### Exercise objective
Pictures are to be left out, and only the lines from the one containing "Pandora Style Crown" through the last line of the data are to be returned exactly.

### Information shown
○ ○ ○ ○ ○ ○ ○
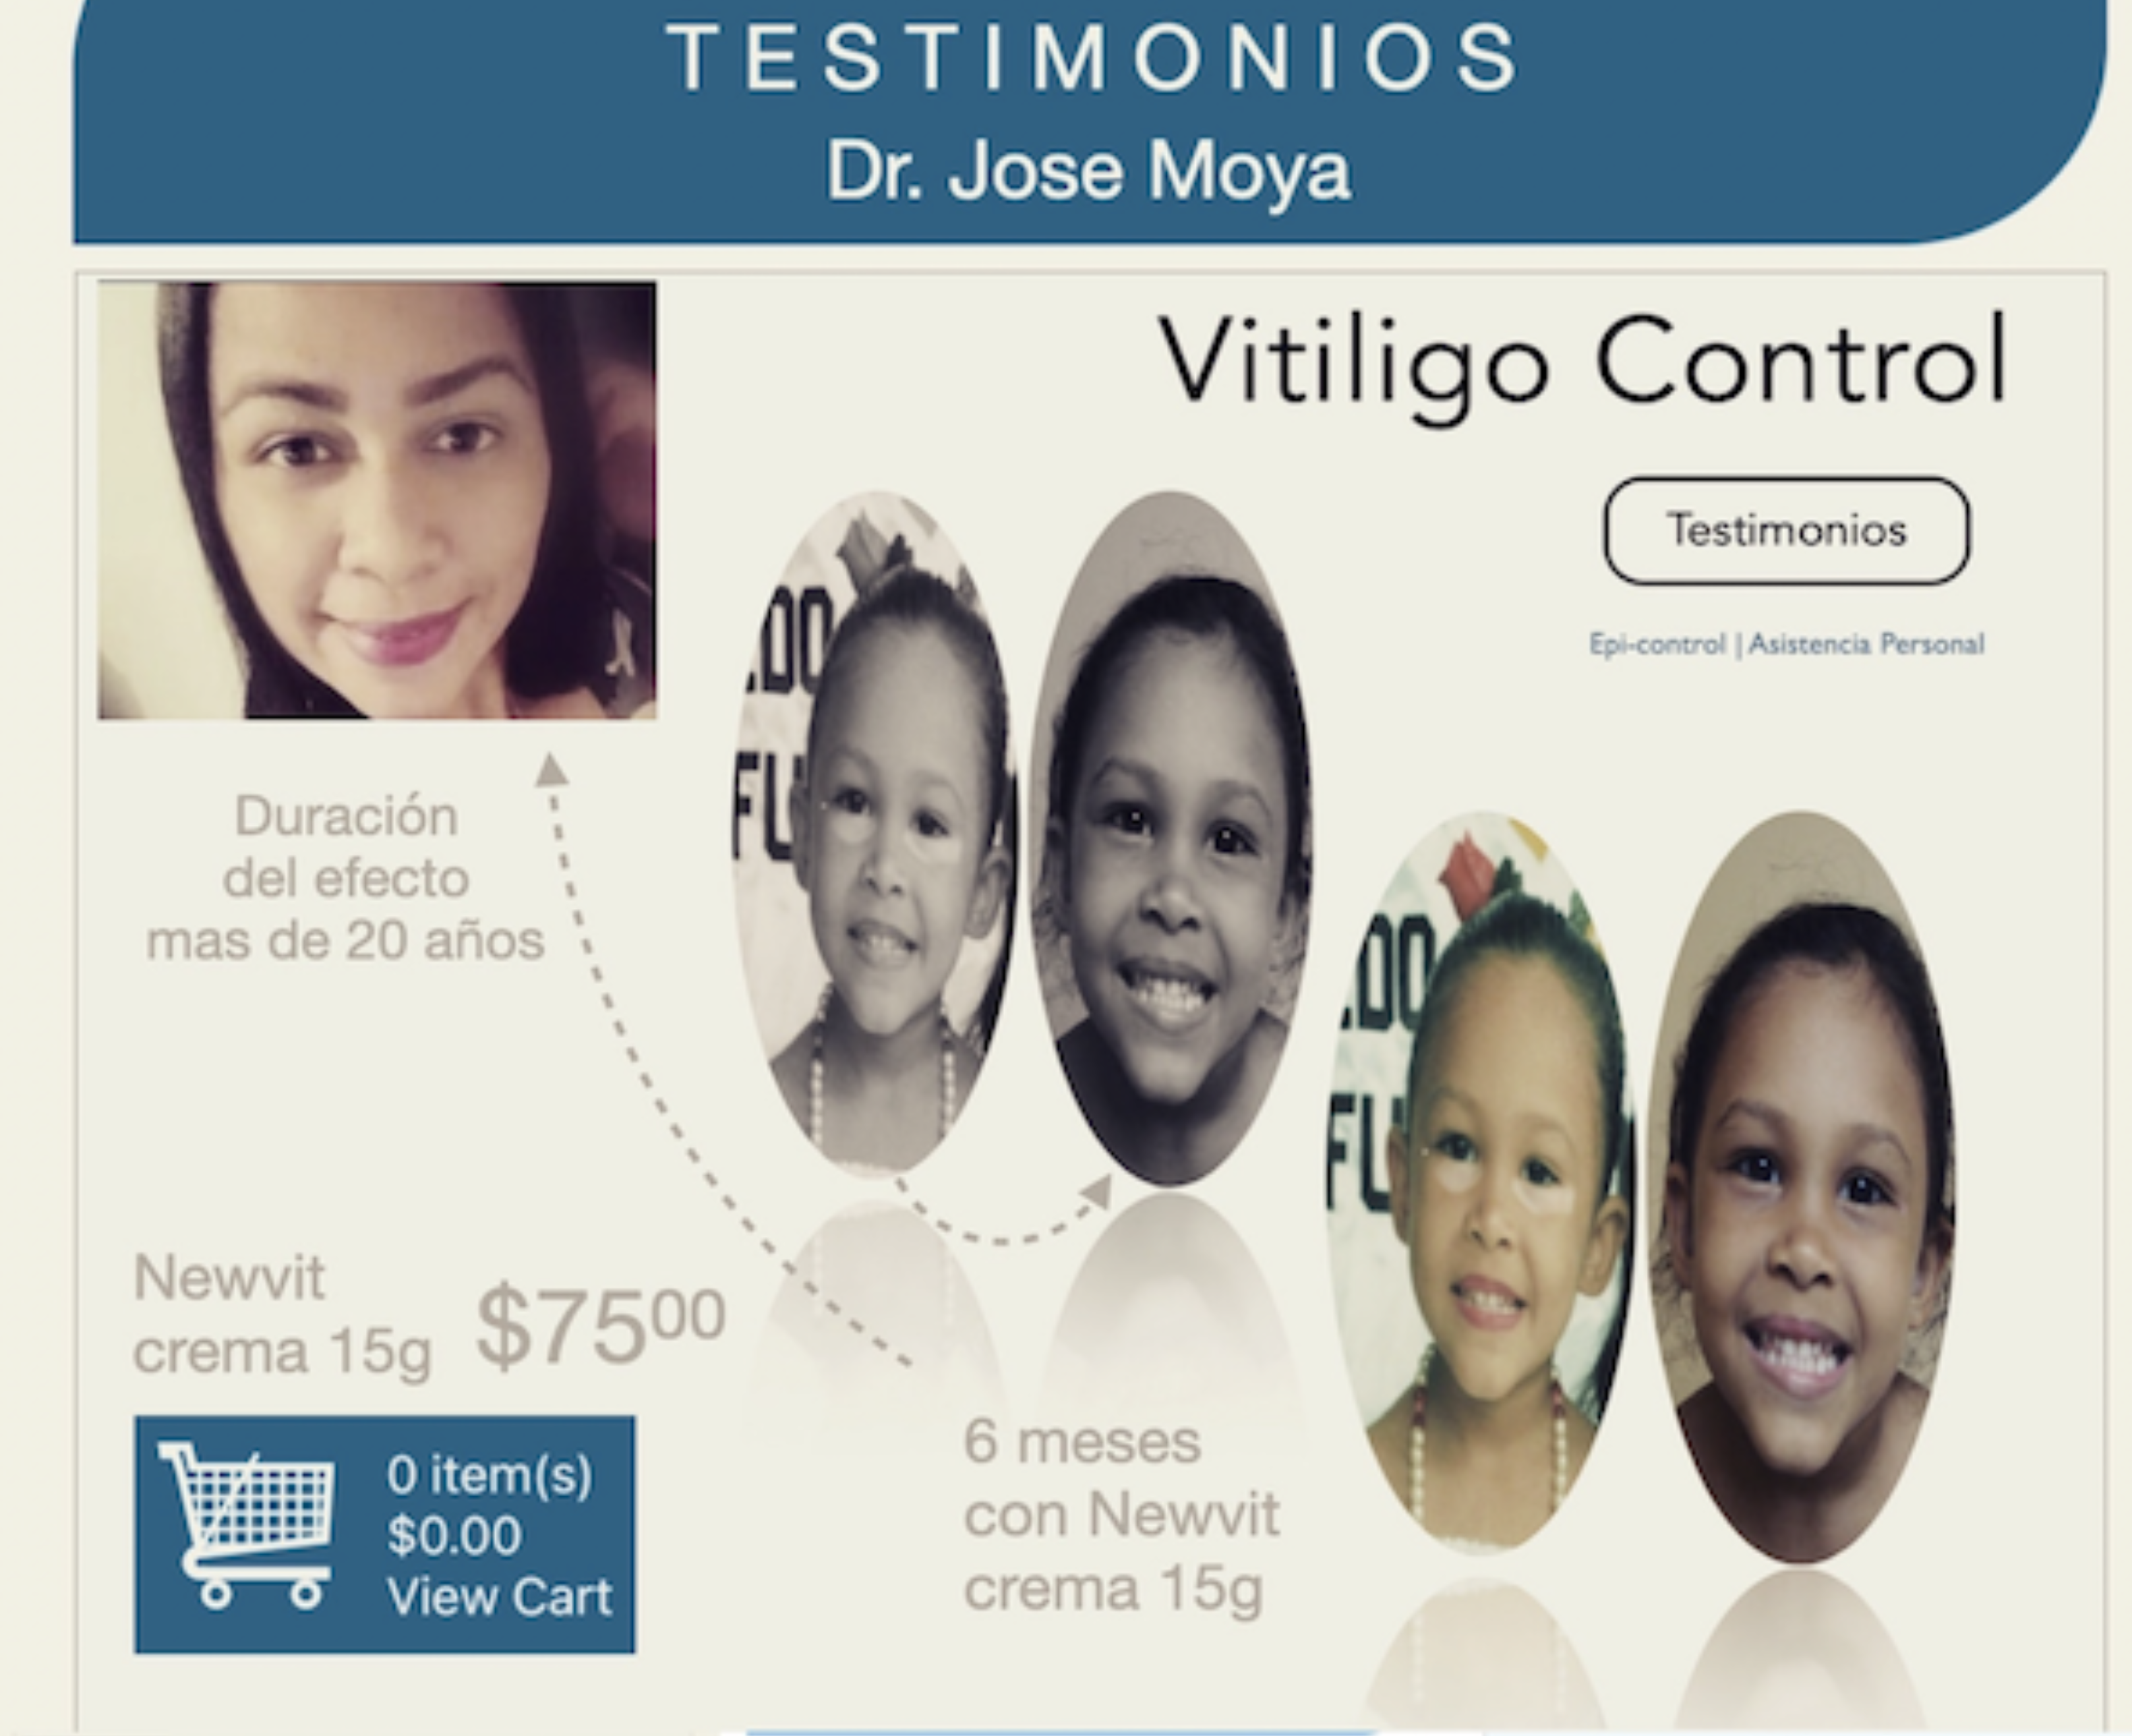 testimonios_libro_evitando_y_controlando_vitiligo_8.png
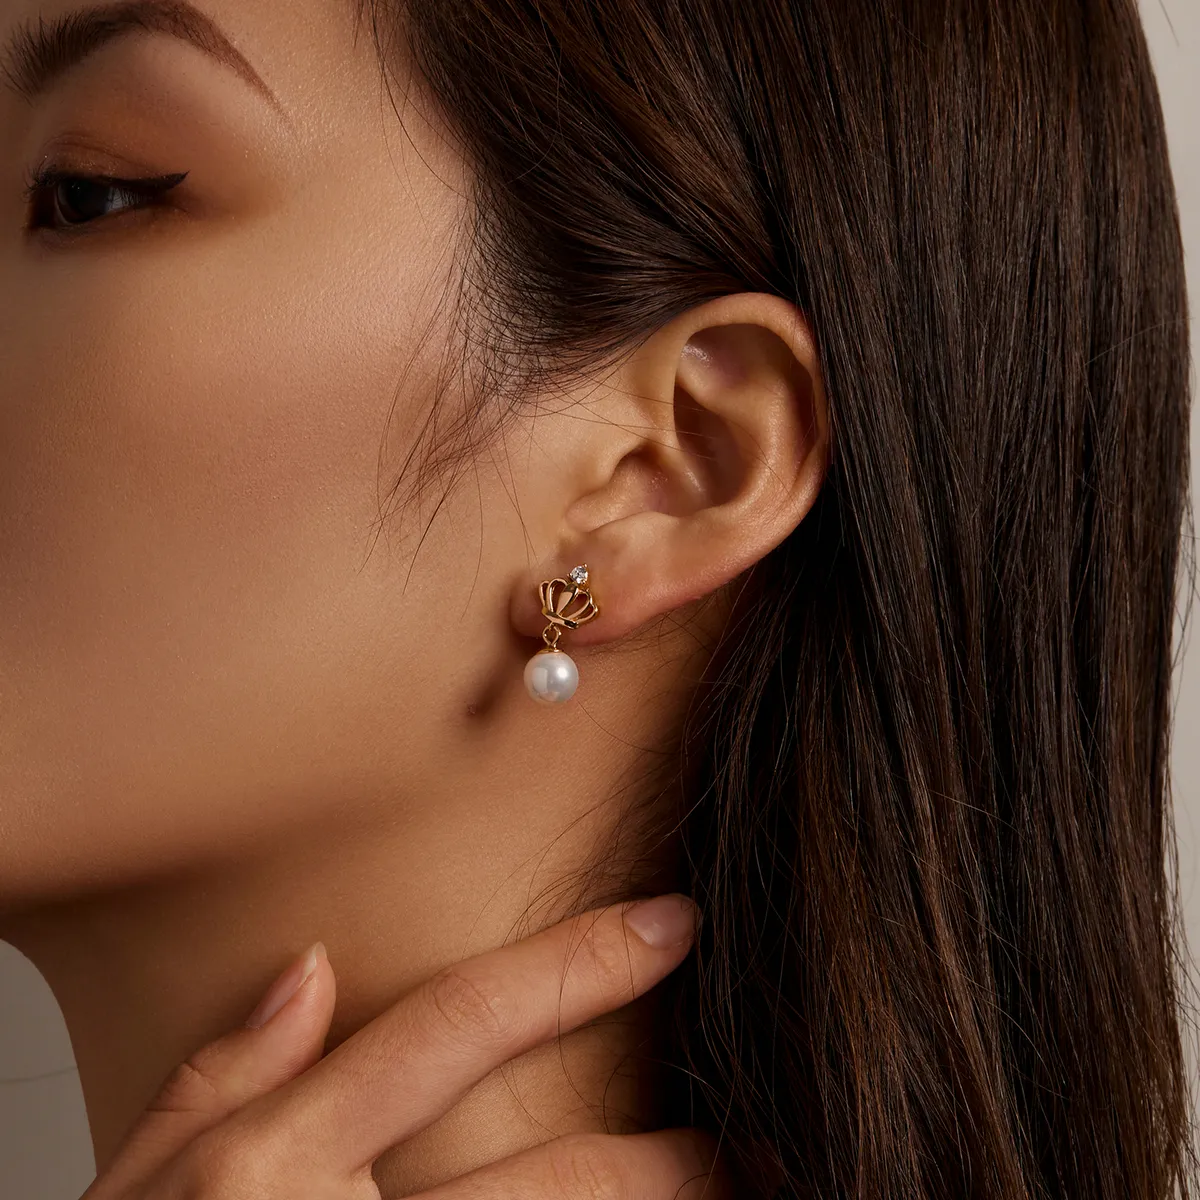 Pandora Style Crown Shell Beads Stud Earrings - BSE549
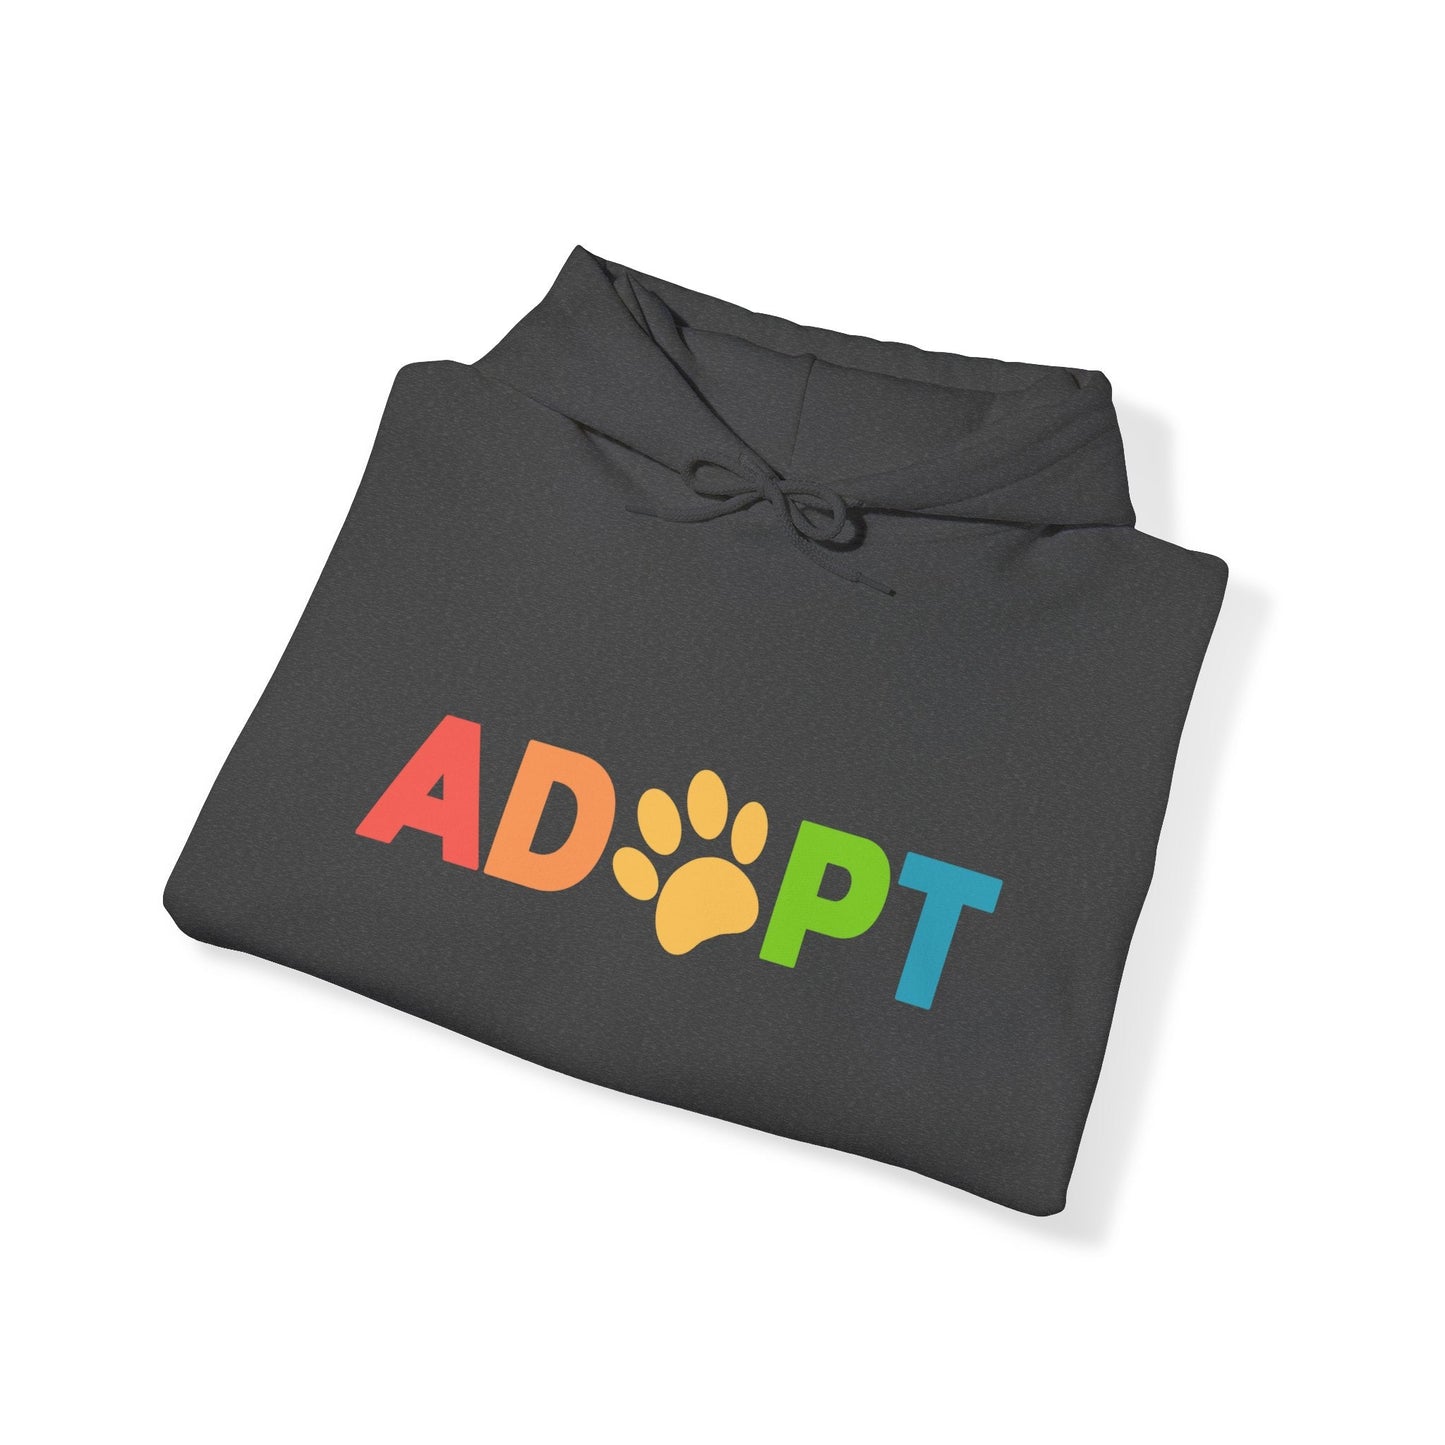 Adopt Rainbow | Hooded Sweatshirt - Detezi Designs-16631407721578312574
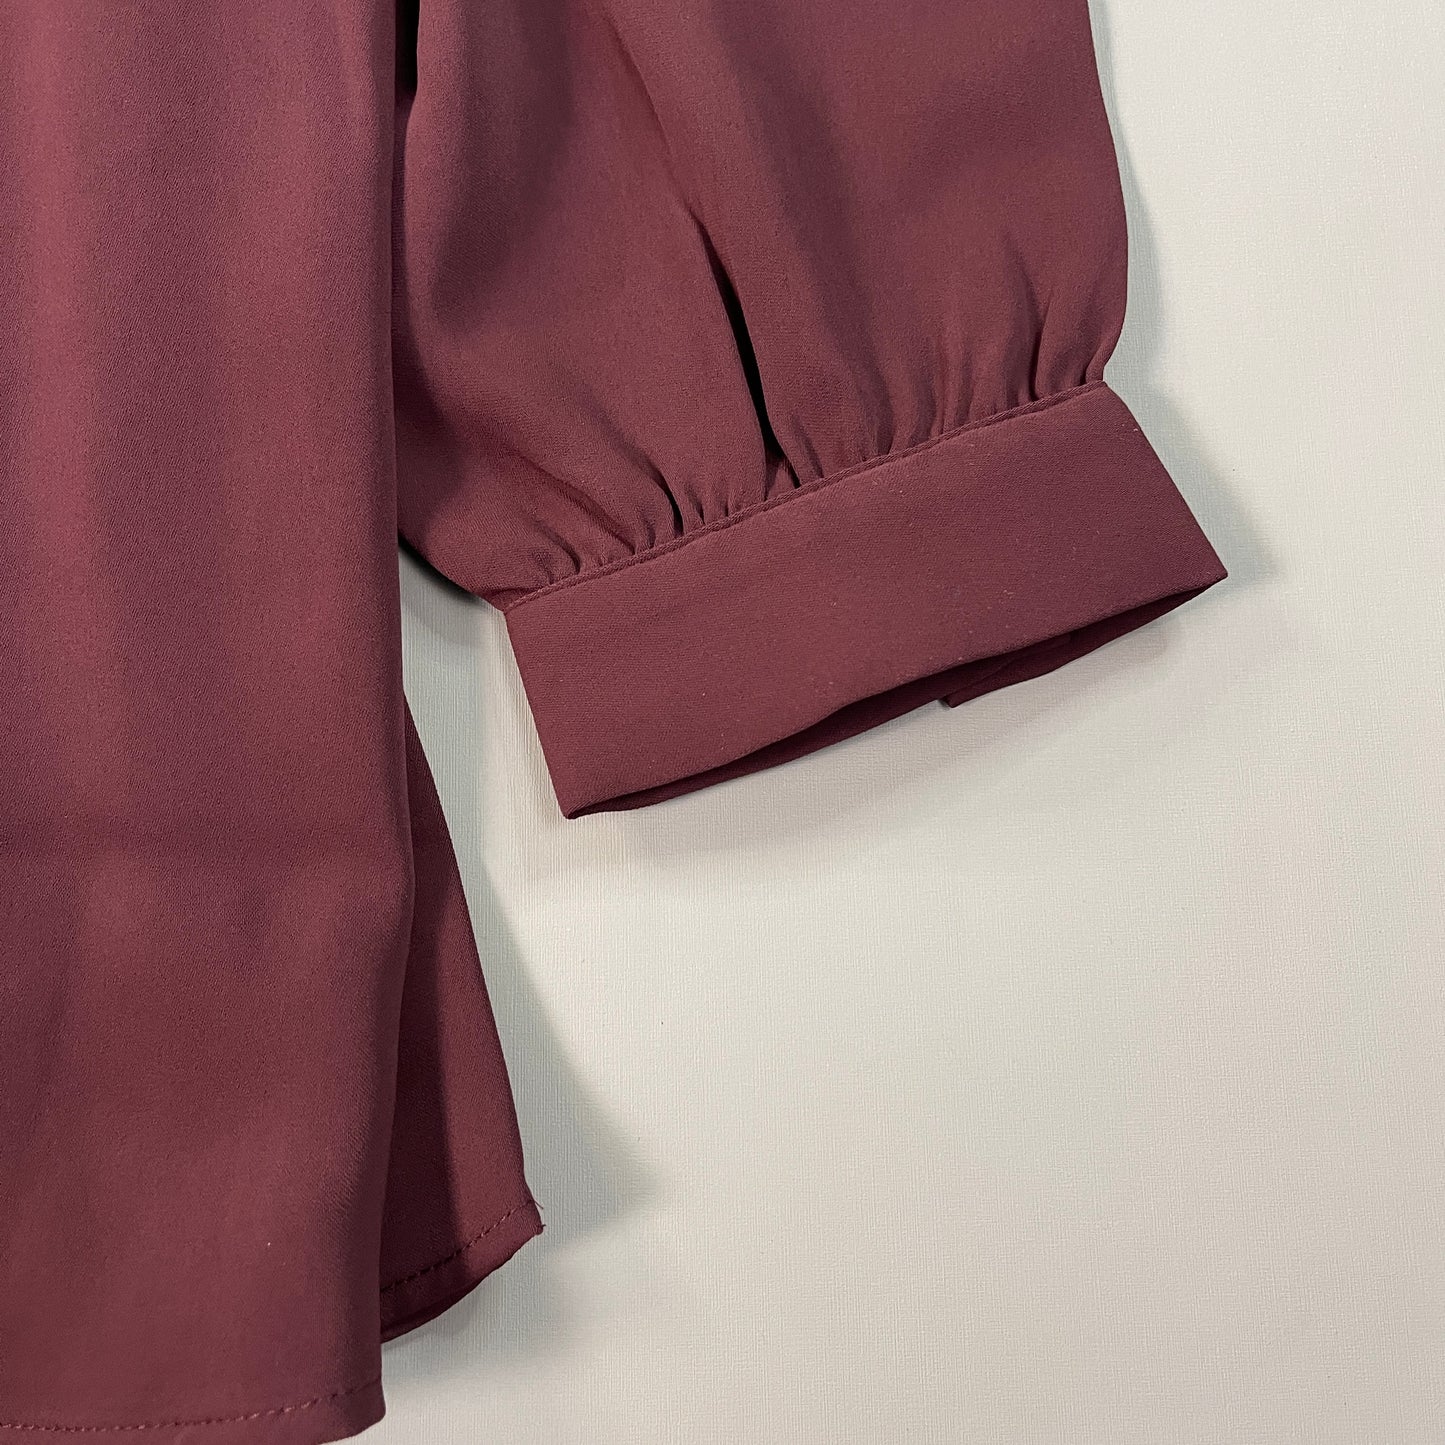 MARTHA STEWART Woven Front Button Blouse Top Tie Neck Women's Sz 1X Chianti (New)
○ ○ ○ ○ ○ ○ ○
### Reply
 Pandora Style Crown Shell Beads Stud Earrings - BSE549
 Adopt Rainbow | Hooded Sweatshirt - Detezi Designs-16631407721578312574
 MARTHA STEWART Woven Front Button Blouse Top Tie Neck Women's Sz 1X Chianti (New)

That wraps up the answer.